No country should be a dump

01 May 2019 / 19:50 H.

AFTER China took a firm stand last year and refused to accept any more plastic waste, it seems Malaysia became a destination of choice. Now that containers of plastic waste have been found, Energy, Science, Technology, Environment and Climate Change Minister Yeo Bee Yin’s move to curb the problem is a welcome one.

If nations are allowed to dump waste outside their borders, then we’re advancing a very unsustainable lifestyle. Such an arrangement pushes the issue out of the spotlight.

Moving waste between countries is like sweeping up the dust in your room and dumping it elsewhere in the house. Sure, you may not feel its effects as soon, but it eventually will catch up to you because, hey, you live in this house.
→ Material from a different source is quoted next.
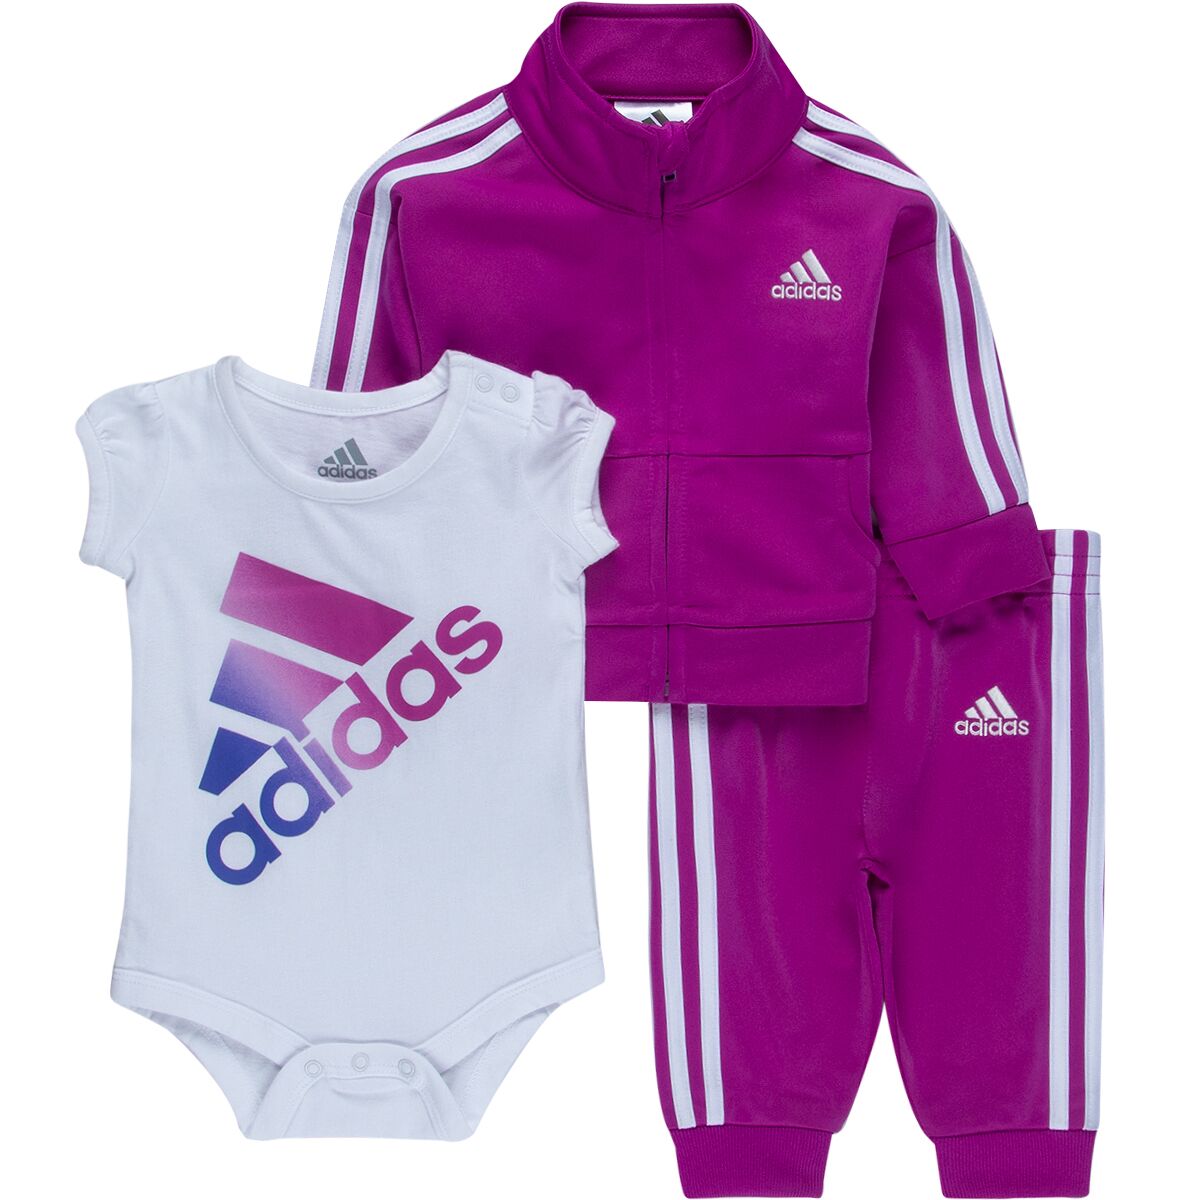 Adidas Tricot 3-Piece Track Set - Infant Girls'
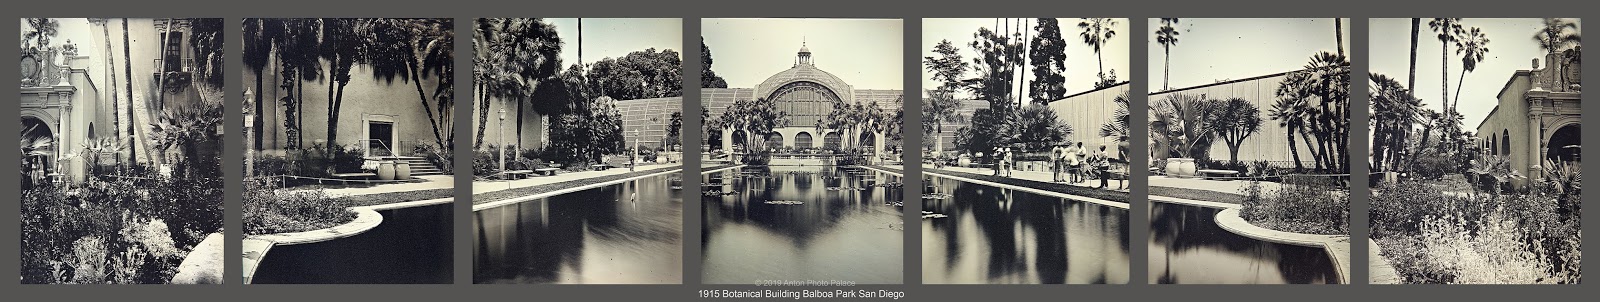 San_Diego_Balboa_Park_Botanical_Building_7plate_4x5_Daguerreotype_Antorama_Anton_Photo_Palace_Web

This planet is our home, and the real issue is that all of us are building mountains of waste in the only home we have. Out of sight, out of mind is what countries seem to be practising but as the ostrich with its head in the sand has taught us, it doesn’t change the fact that Earth is dying.

It is scary, but what is even more frightening is the careless ignorance many of us still adopt when it comes to climate change. It sets a terrible example for the generations coming after us, and shows how little we care about their future.
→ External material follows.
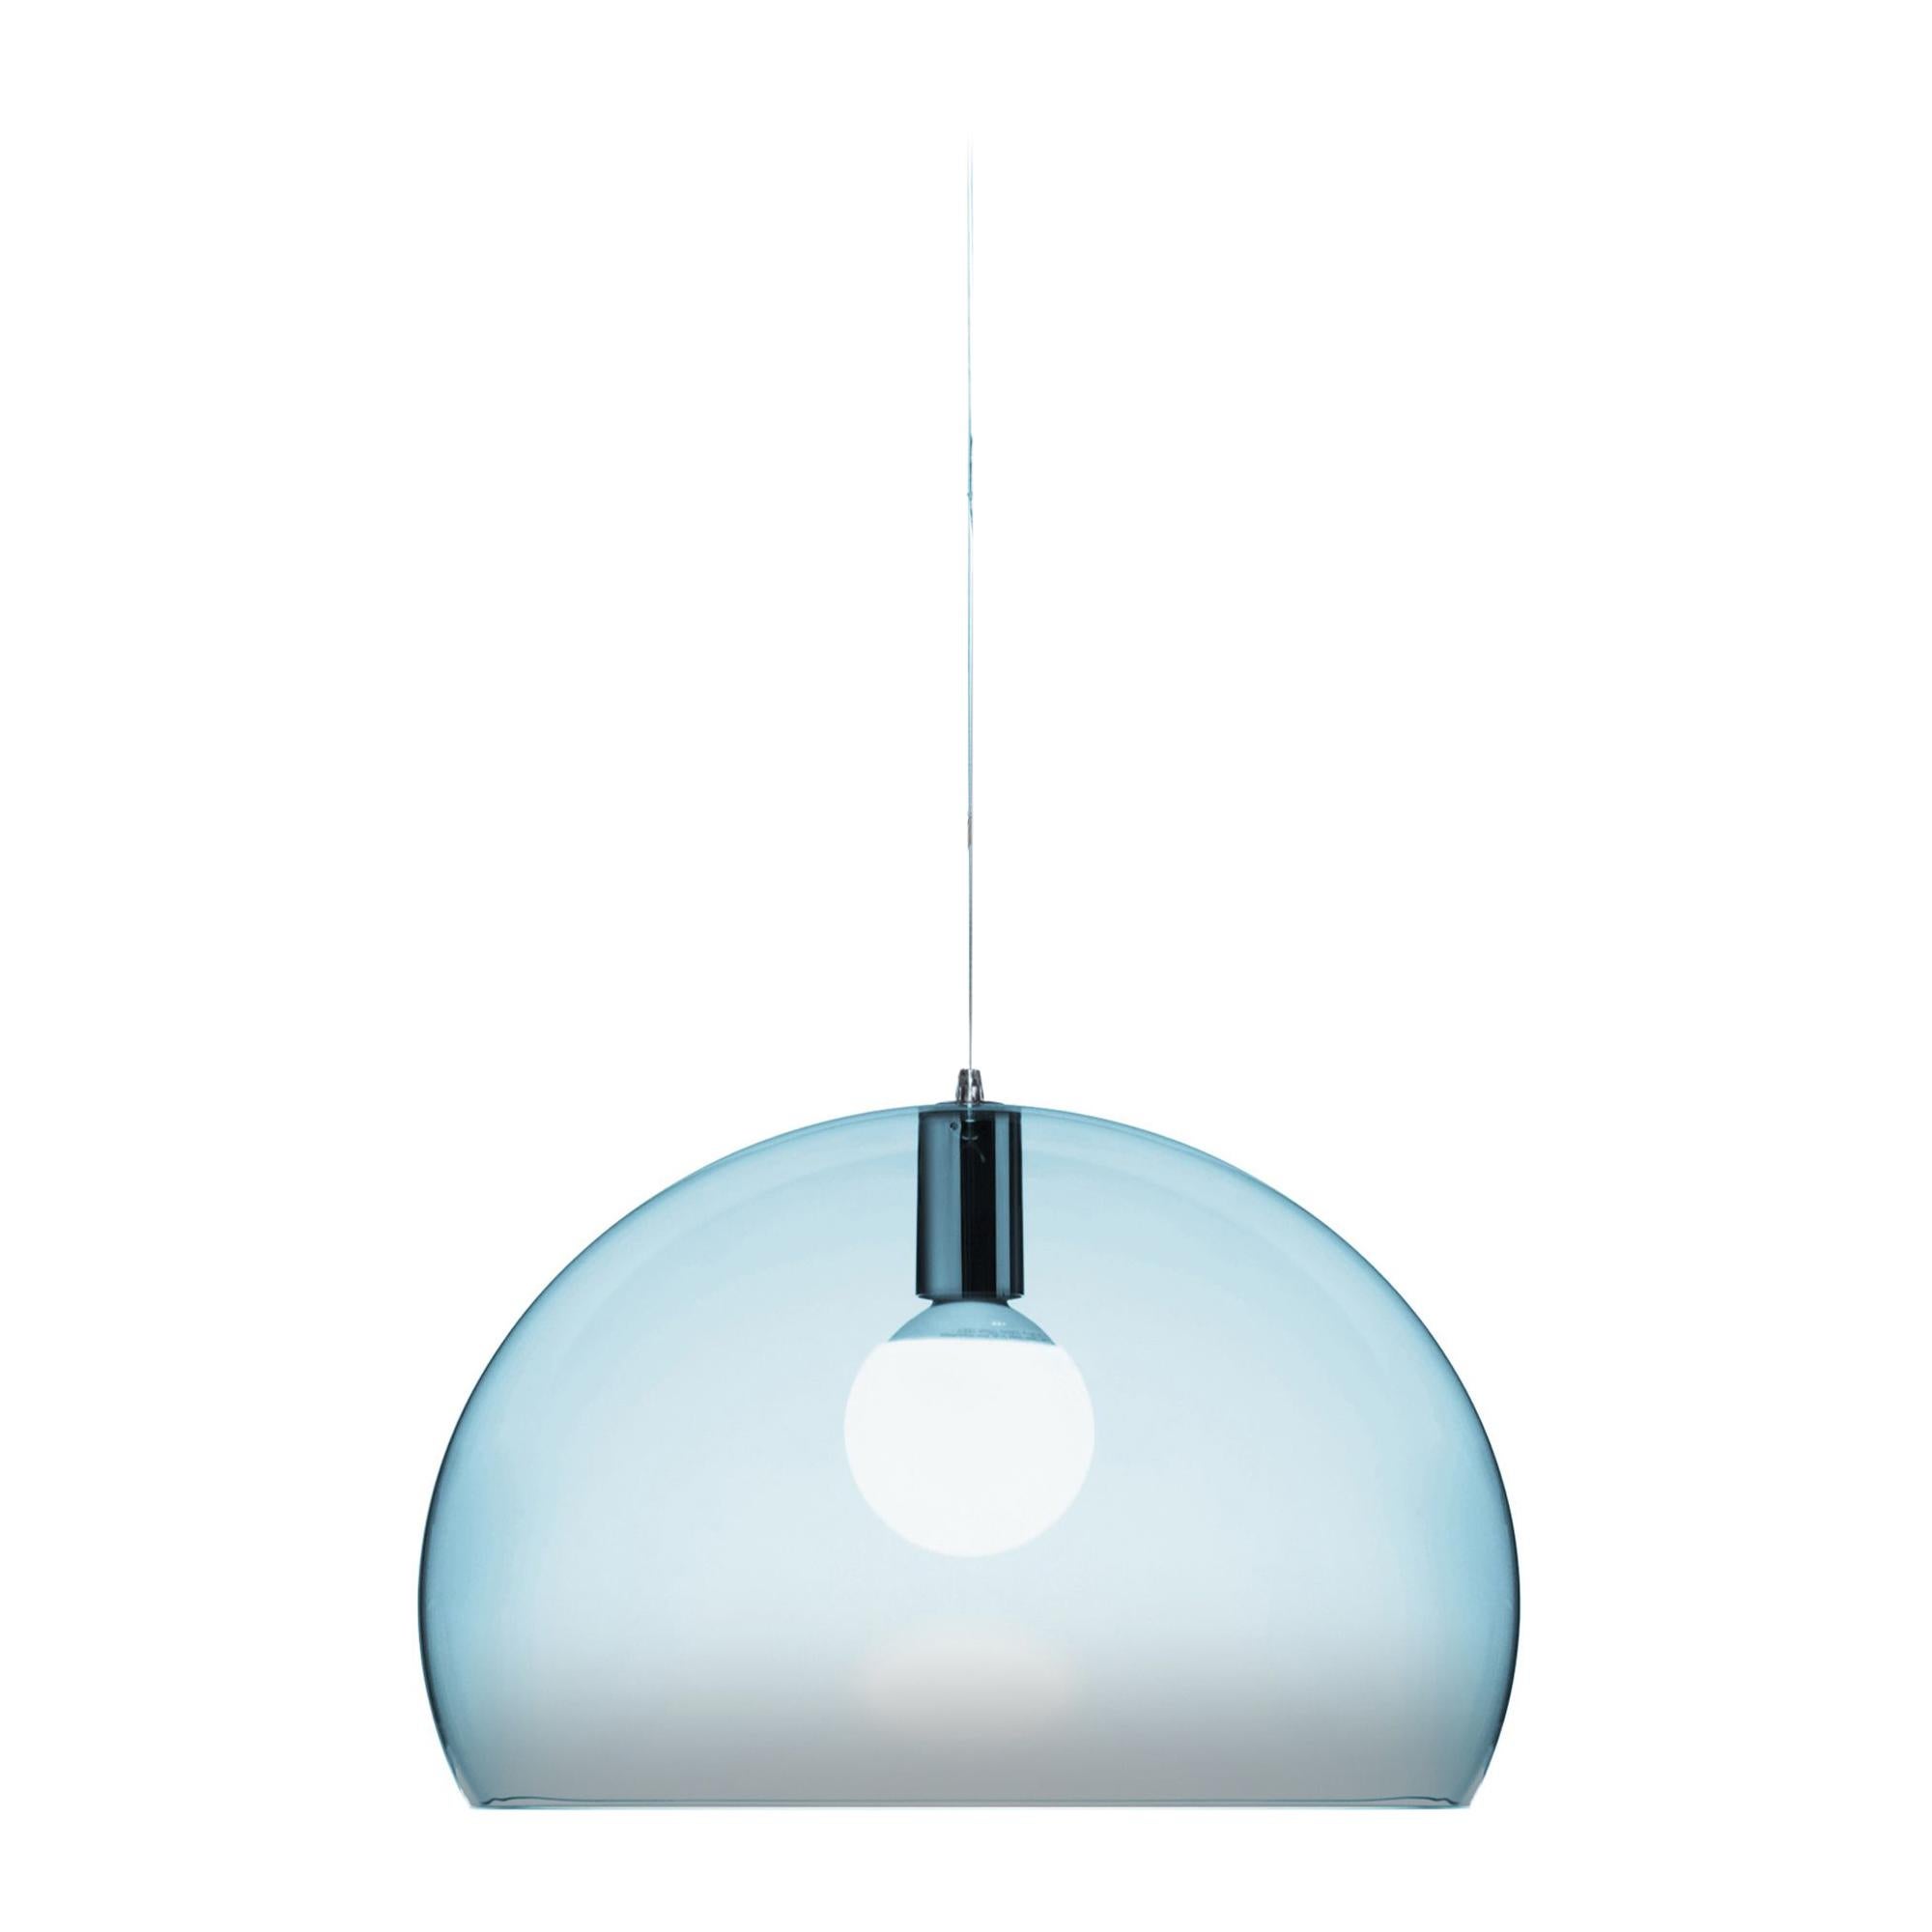 Petite lampe à suspension Kartell FL/Y bleu ciel, design Ferruccio Laviani

I recently had a conversation with some teenagers who were eating packed food in plastic containers. Advising them to wash the containers instead of throwing them away, I warned them of what the future could hold if we don’t buck up. One responded, “Well, we probably won’t be around when that happens, so that’s on them.”

I felt frustration surge within me for a moment, quickly replaced by pangs of sadness. We have no one to blame but ourselves; that response sums up the attitude so many adults have today. Whether we want to admit it or not, we live in an interconnected world. Our choices will affect the next generation’s reality of life.

It’s therefore a breath of fresh air to see a minister take a sincere interest in the conservation of our planet. Yeo’s passion to address issues surrounding single-use plastics, toxic emissions and plastic waste is a giant step forward, and we can learn from her.

No issue as systemic as this can be solved overnight, but there is a solution. Collective action towards greener policies and lifestyles by corporations, communities and countries gives us a chance. The time window is closing, but we still have hope for our planet’s revival. We can clean our home together.